3. DENSE_RANK(): Operating on a similar premise to RANK(), DENSE_RANK() eliminates the gaps in the ranking sequence, ensuring a dense, continuous rank allocation even in the presence of ties. This function is essential when the continuity of rank values is critical for analysis, allowing for a more compact and intuitive ranking system.
    
4. NTILE(n): For more granular analysis, the NTILE(n) function divides an ordered partition into a specified number of groups, n, making it an invaluable tool for segmenting datasets into quantiles or other specified groupings.
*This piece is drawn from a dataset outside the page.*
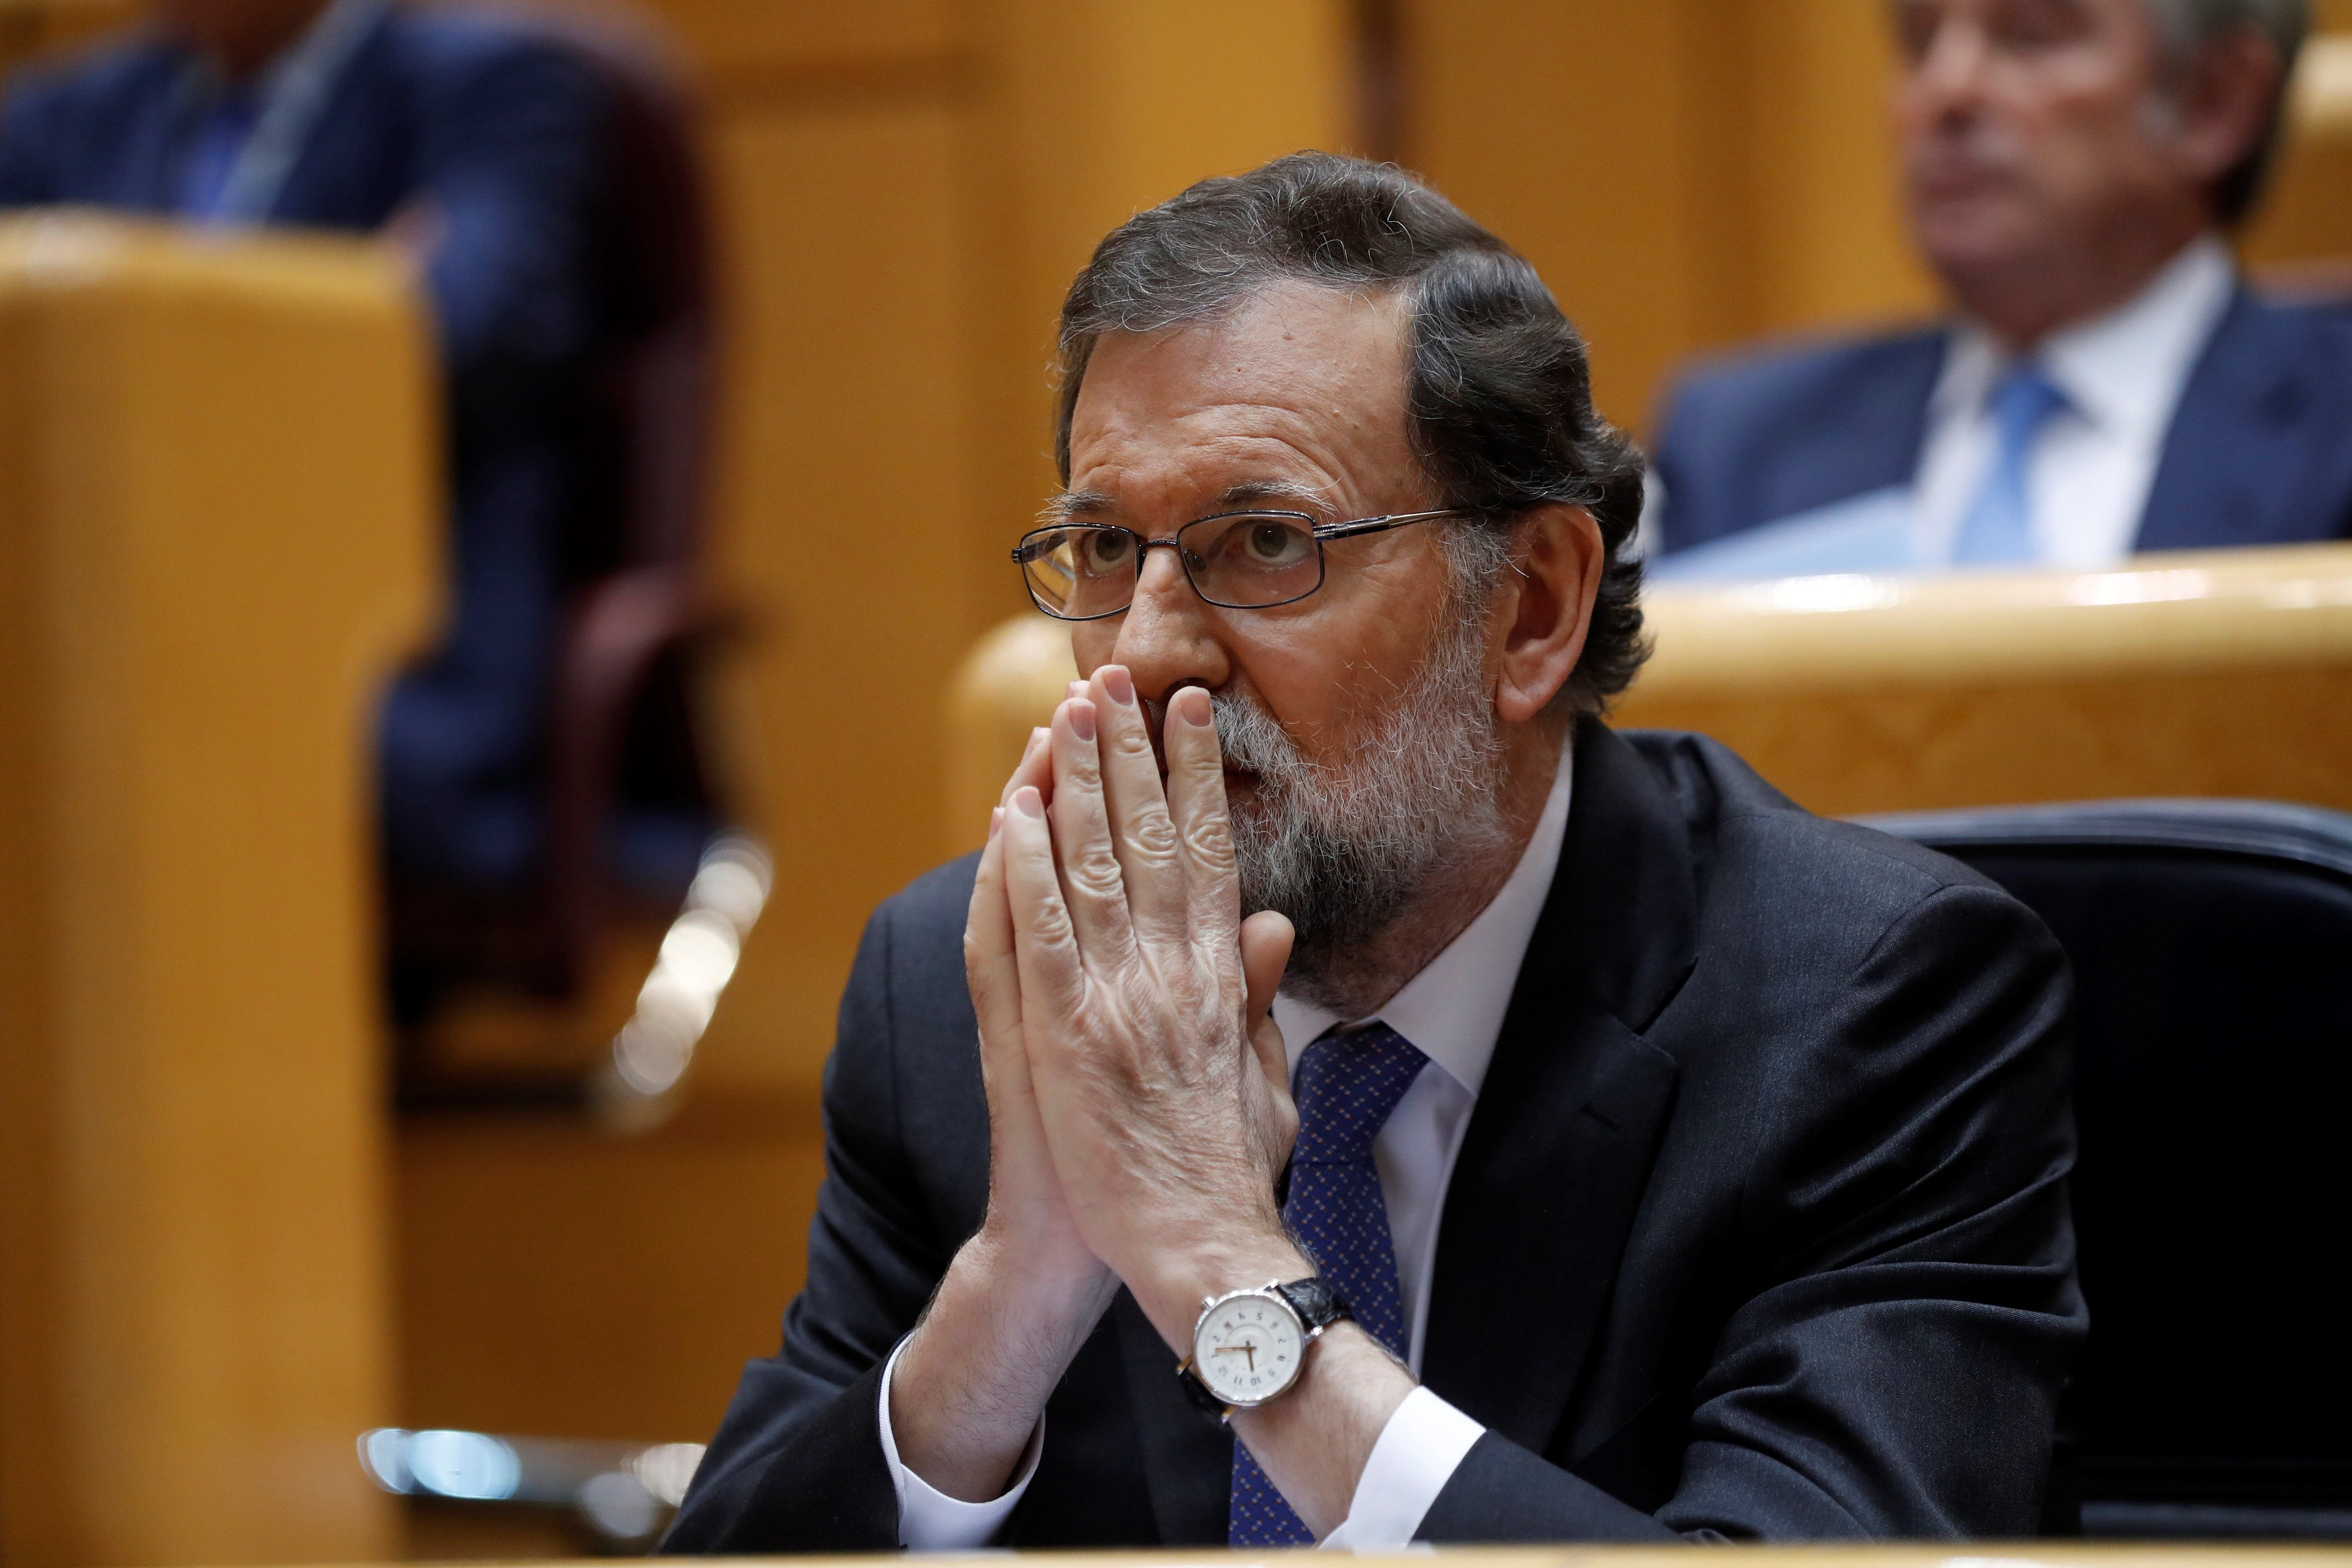 ¿Crees que Rajoy ha provocado unas "elecciones anormales" como dice The New York Times?

Whether for dividing customers into sales quartiles or categorizing performance metrics, NTILE(n) offers a straightforward approach to data stratification.

These ranking functions are integral to leveraging the full analytical power of iSeries SQL, providing the foundation for sophisticated data analysis and decision-making processes.

By mastering these functions, professionals can unlock deeper insights into their data, facilitating enhanced operational efficiency and strategic foresight.

This introduction sets the stage for a detailed exploration of each function, including syntax examples, use cases, and best practices for integrating these OLAP functions into your data analysis and reporting workflows on the iSeries platform.

Note on the examples: excluding the first one, the other examples all deliberately use the same temporary table in memory created with CTE to give a vision of the different approaches and possibilities that can be implemented with the Ranking Functions examined in this article.

Example 1: OLAP Function ROW_NUMBER() to Detecting Double Numbers

Introduction to the Query

This SQL query is designed to demonstrate the advanced capabilities of iSeries SQL for data analysis, particularly focusing on the use of window functions and Common Table Expressions (CTEs) to process and analyze data sets.

The query shows how to partition data, apply ranking within partitions, and filter and aggregate results based on specific criteria.

By utilizing a sample data set created on-the-fly within the query, it illustrates a practical example of identifying and aggregating rows based on their calculated ranks within partitions of data, emphasizing the power of SQL in extracting meaningful insights from structured data.

WITH
  Sample(ID, Value) AS (
      VALUES (1,10),  (2, 20), (3, 30), (4, 30)
           , (5, 30), (6, 40), (7,20), (8,50)
           , (9,60), (10,70), (11,80), (12,90)
) -- SELECT * FROM Sample;
, Sample2 (ID, Value, ROW_NUM) AS (
    SELECT ID, Value,
           ROW_NUMBER()
              OVER (PARTITION BY Value
              ORDER BY ID)
           AS row_number
      FROM Sample
) -- SELECT * FROM Sample2;
SELECT Value, MAX(ROW_NUM)
  from Sample2
 WHERE ROW_NUM > 1
group by Value 
ORDER BY 1,2;

Result:

Detailed Description of the Query

The query begins with the declaration of a CTE called Sample, which constructs a temporary in-memory table composed of ID and value pairs.

After the initial CTE, a second CTE called Sample2 is defined. This CTE is based on Sample data using the ROW_NUMBER() window function.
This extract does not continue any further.